#### WHAT YOU SHOULD DO
Your answer must be the full listing below, repeated exactly, with no pictures in it.

#### DATASET EXCERPT
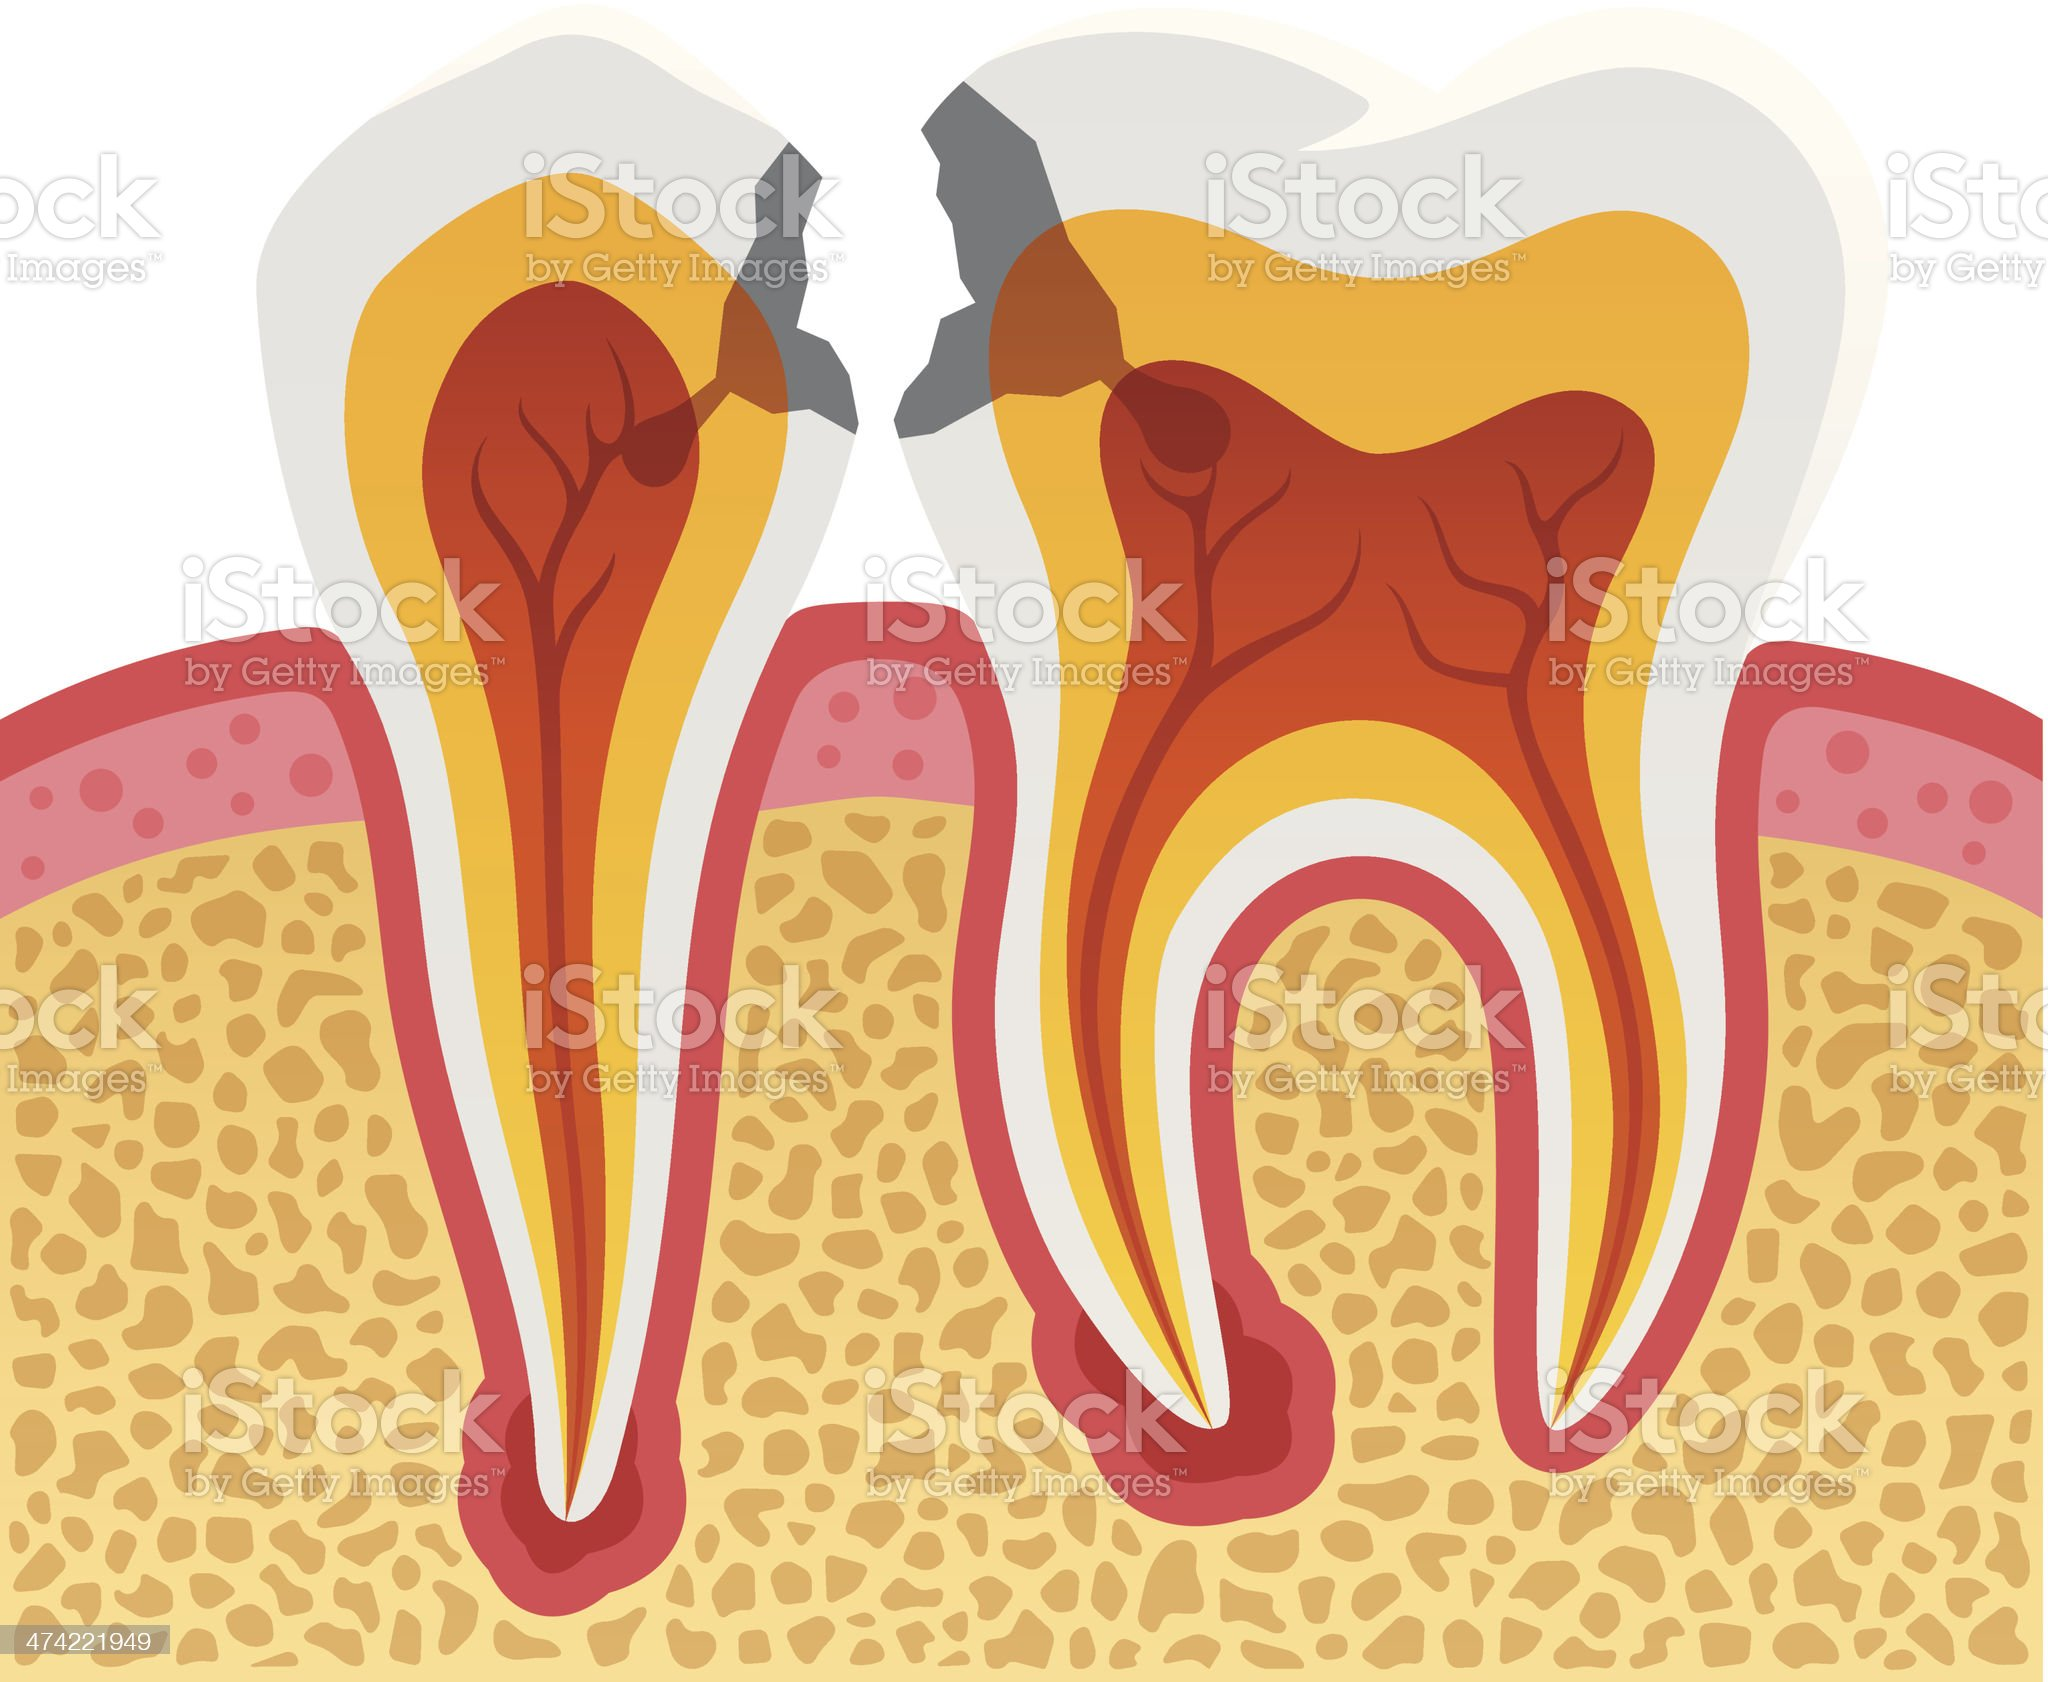 Dental Cavities royalty-free stock vector art
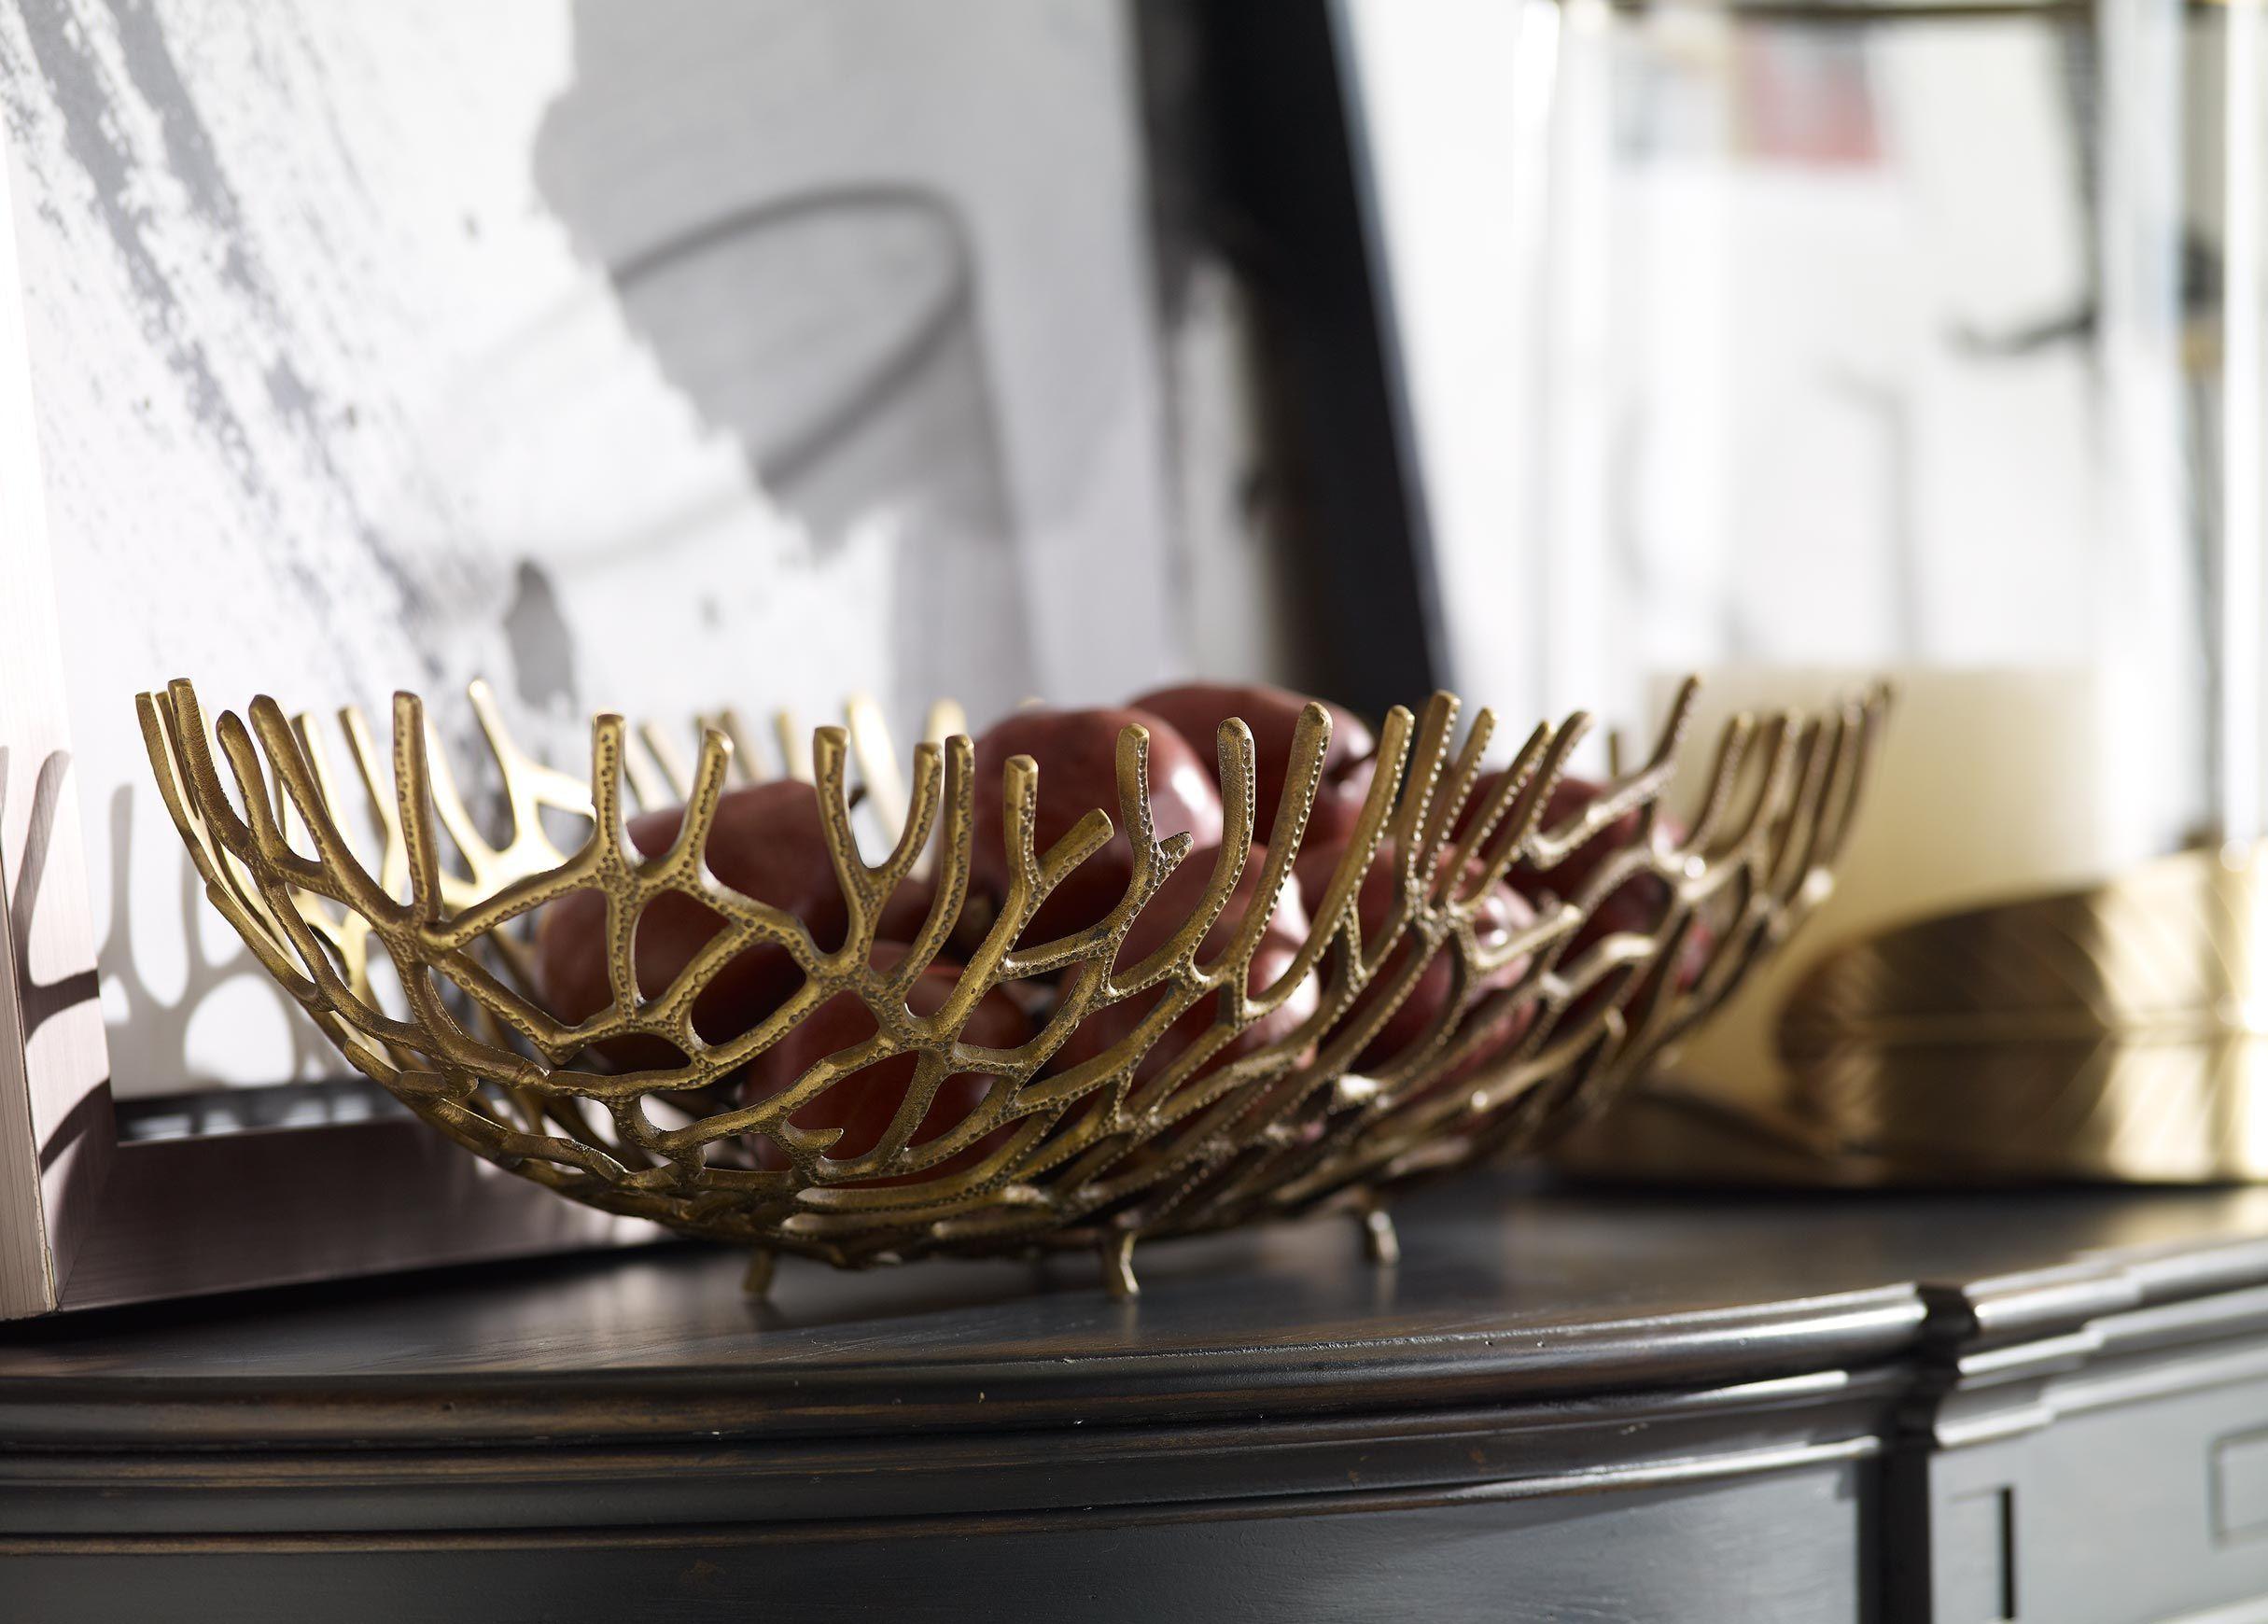 Oval Coral Bowl Decorative Bowls Decor Accent Decor
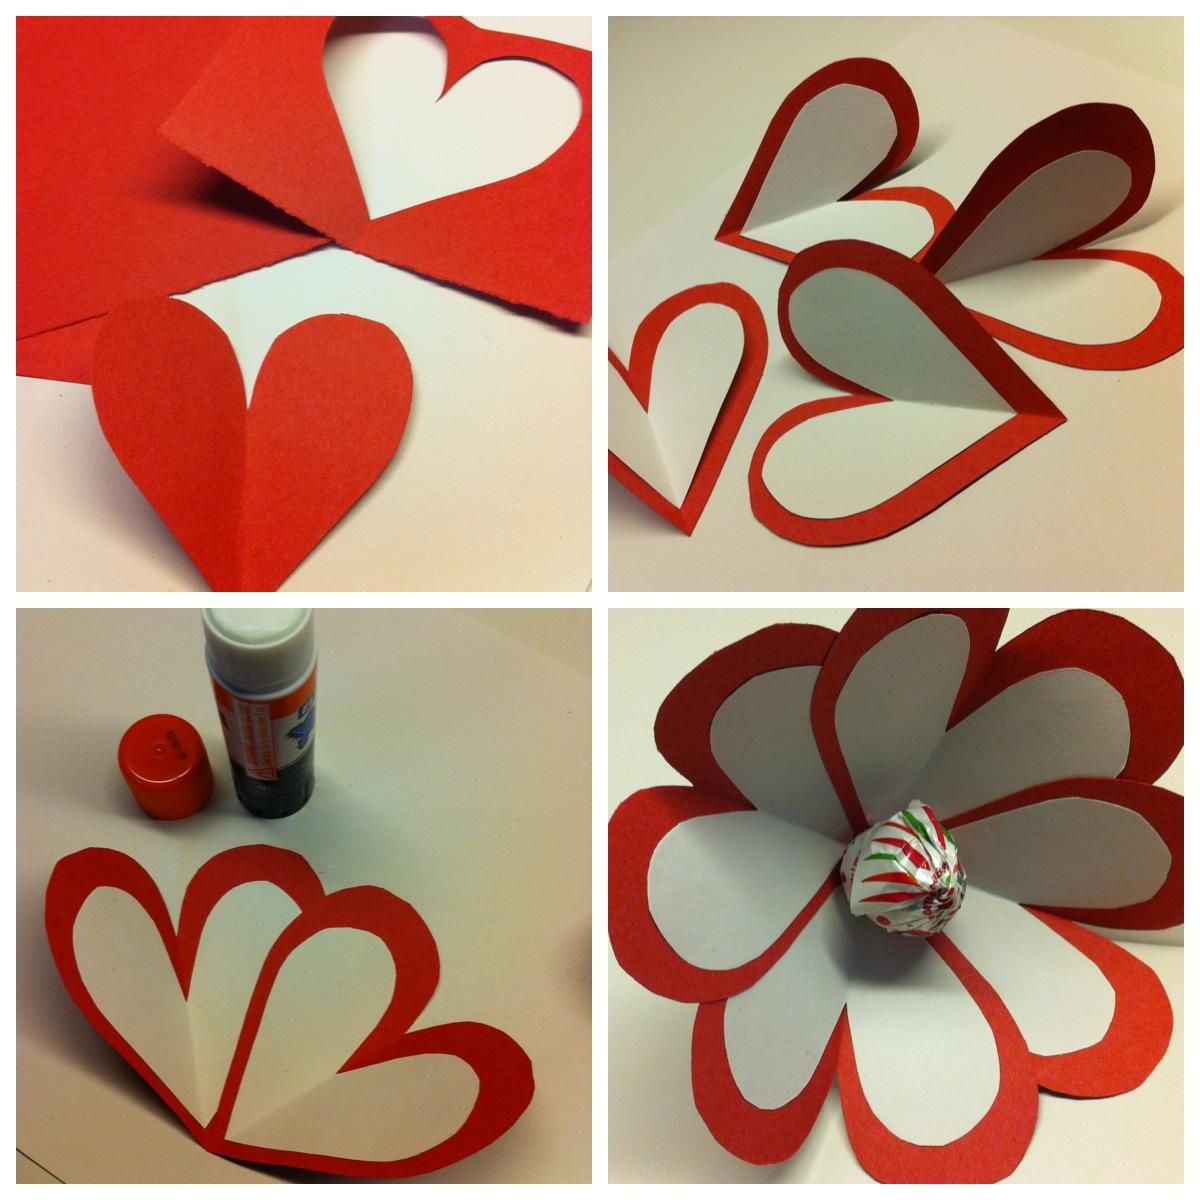 Valentine Day: Free Romantic Cards 2014

#### EXPECTED OUTPUT
 Dental Cavities royalty-free stock vector art
 Oval Coral Bowl Decorative Bowls Decor Accent Decor
 Valentine Day: Free Romantic Cards 2014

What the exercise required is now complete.